The value of the integral `overset(pi)underset(0)int (sin k x)/(sin x)dx` (k is an even integer) is equal to

To solve the integral \( I = \int_0^\pi \frac{\sin(kx)}{\sin(x)} \, dx \) where \( k \) is an even integer, we can use properties of definite integrals and the sine function. ### Step-by-Step Solution: 1. **Define the Integral:** Let \( I = \int_0^\pi \frac{\sin(kx)}{\sin(x)} \, dx \). 2. **Use the Property of Definite Integrals:** We can use the property of definite integrals: \[ \int_a^b f(x) \, dx = \int_a^b f(a + b - x) \, dx. \] Here, \( a = 0 \) and \( b = \pi \).
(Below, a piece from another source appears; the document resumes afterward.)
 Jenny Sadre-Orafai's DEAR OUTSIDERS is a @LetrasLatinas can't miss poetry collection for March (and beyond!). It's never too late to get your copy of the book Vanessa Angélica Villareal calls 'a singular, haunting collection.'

So, we replace \( x \) with \( \pi - x \): \[ I = \int_0^\pi \frac{\sin(k(\pi - x))}{\sin(\pi - x)} \, dx. \] 3. **Simplify the Integral:** Using the sine function property \( \sin(k(\pi - x)) = \sin(k\pi - kx) = (-1)^k \sin(kx) \) and \( \sin(\pi - x) = \sin(x) \): \[ I = \int_0^\pi \frac{(-1)^k \sin(kx)}{\sin(x)} \, dx. \] Since \( k \) is an even integer, \( (-1)^k = 1 \): \[ I = \int_0^\pi \frac{\sin(kx)}{\sin(x)} \, dx = I. \] 4. **Combine the Results:** Now we have: \[ I = \int_0^\pi \frac{\sin(kx)}{\sin(x)} \, dx = -I. \] Adding \( I \) to both sides gives: \[ 2I = 0. \] 5. **Solve for \( I \):** Dividing by 2: \[ I = 0. \] ### Conclusion: The value of the integral \( \int_0^\pi \frac{\sin(kx)}{\sin(x)} \, dx \) where \( k \) is an even integer is \( 0 \).